Longitudinal Metabolomics Reveals Metabolic Dysregulation Dynamics in Patients with Severe COVID-19

Abstract

Background/Objective: A dysregulated metabolism has been studied as a key aspect of the COVID-19 pathophysiology, but its longitudinal progression in severe cases remains unclear. In this study, we aimed to investigate metabolic dysregulation over time in patients with severe COVID-19 requiring mechanical ventilation (MV). Methods: In this single-center, prospective, observational study, we obtained 236 serum samples from 118 adult patients on MV in an ICU. The metabolite measurements were performed using capillary electrophoresis Fourier transform mass spectrometry, and we categorized the sampling time points into three time zones to align them with the disease progression: time zone 1 (T1) (the hyperacute phase, days 1-3 post-MV initiation), T2 (the acute phase, days 4-14), and T3 (the chronic phase, days 15-30).
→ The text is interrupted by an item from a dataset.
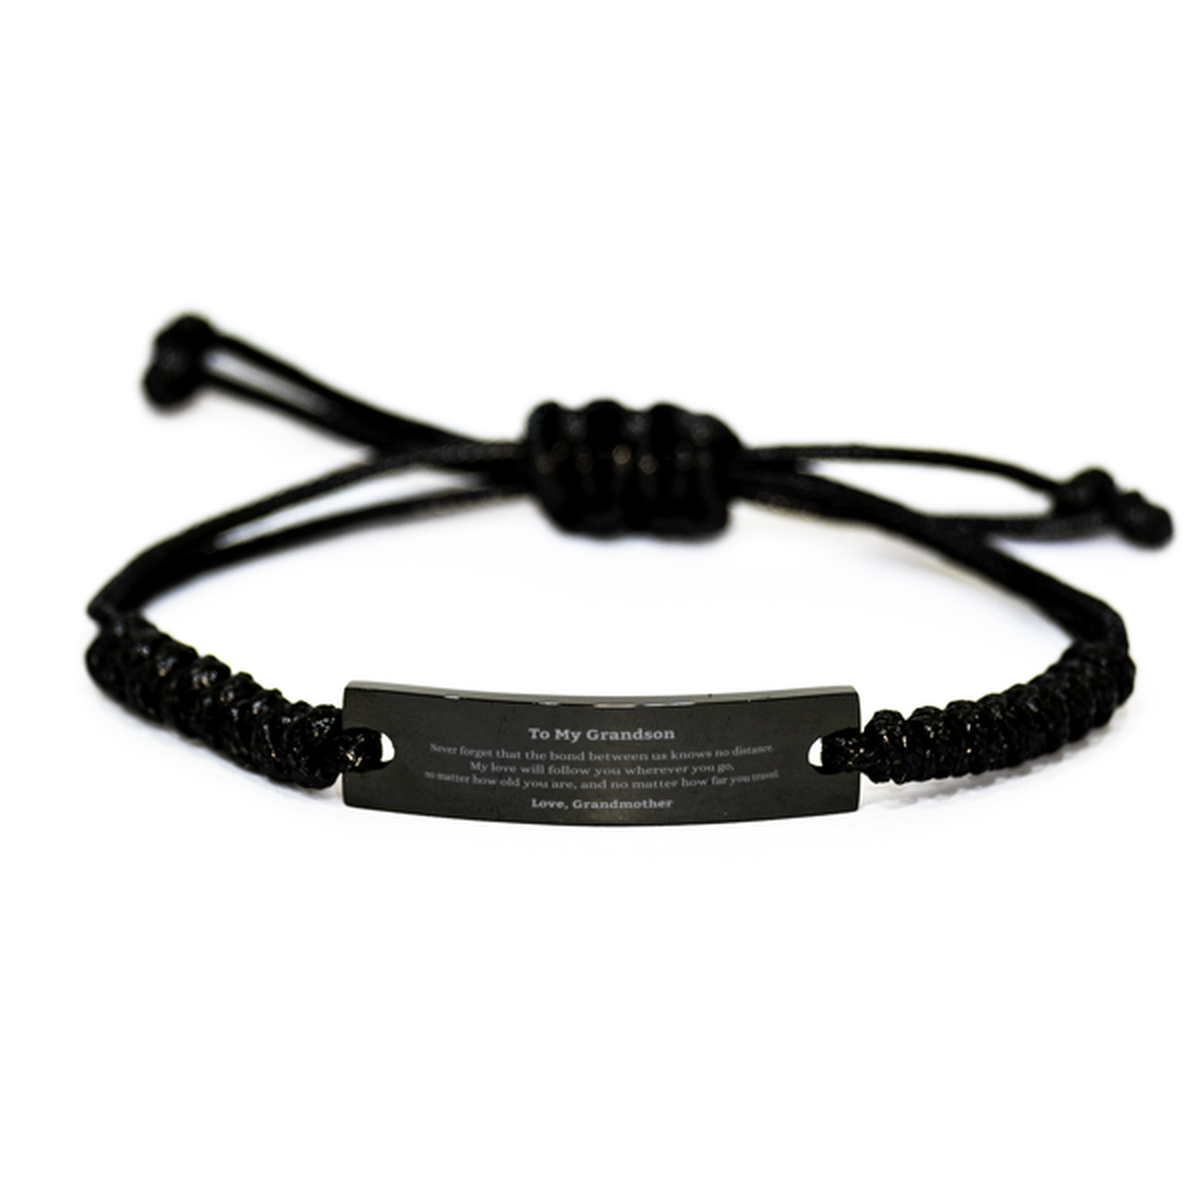 Grandson Birthday Gifts from Grandmother, Adjustable Black Rope Bracelet for Grandson Christmas Graduation Unique Gifts Grandson Never forget that the bond between us knows no distance. Love, Grandmother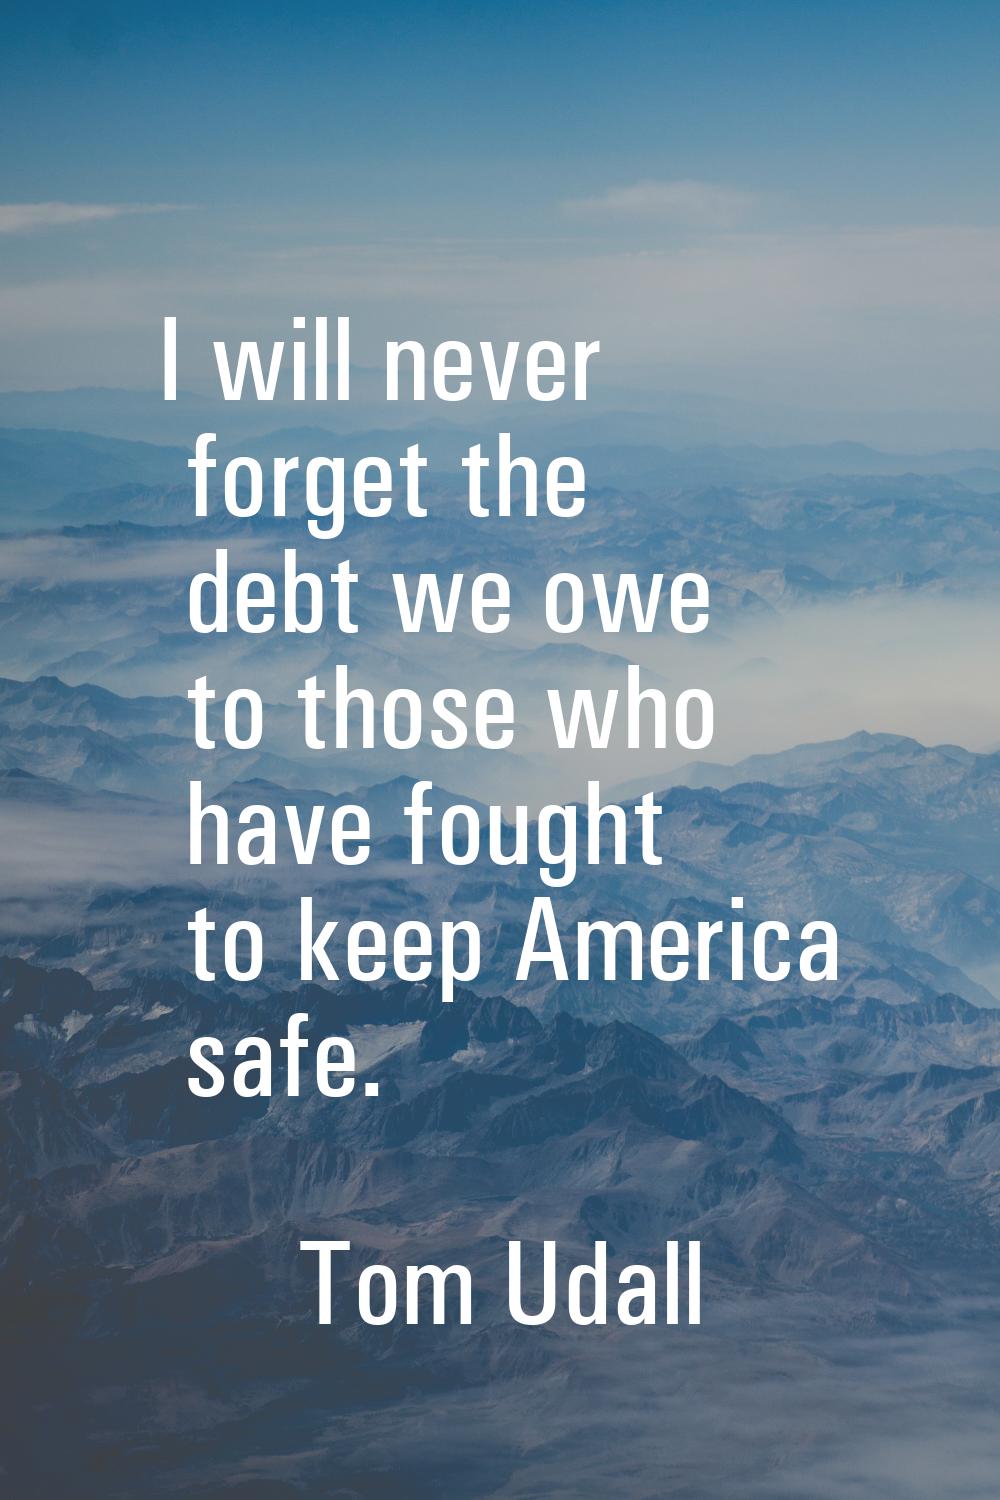 I will never forget the debt we owe to those who have fought to keep America safe.

Using volcano plots and enrichment pathway analyses, we identified the differential metabolites (DMs) and enriched pathways (EPs) between the survivors and non-survivors for each time zone. The DMs and EPs were further grouped into early-stage, late-stage, and consistent groups based on the time zones in which they were detected. Results: With the 566 annotated metabolites, we identified 38 DMs and 17 EPs as the early-stage group, which indicated enhanced energy production in glucose, amino acid, and fatty acid metabolisms in non-survivors. As the late-stage group, 84 DMs and 10 EPs showed upregulated sphingolipid, taurine, and tryptophan-kynurenine metabolisms with downregulated steroid hormone synthesis in non-survivors. Three DMs and 23 EPs in the consistent group showed more pronounced dysregulation in the dopamine and arachidonic acid metabolisms across all three time zones in non-survivors. Conclusions: This study elucidated the temporal differences in metabolic dysregulation between survivors and non-survivors of severe COVID-19, offering insights into its longitudinal progression and disease mechanisms.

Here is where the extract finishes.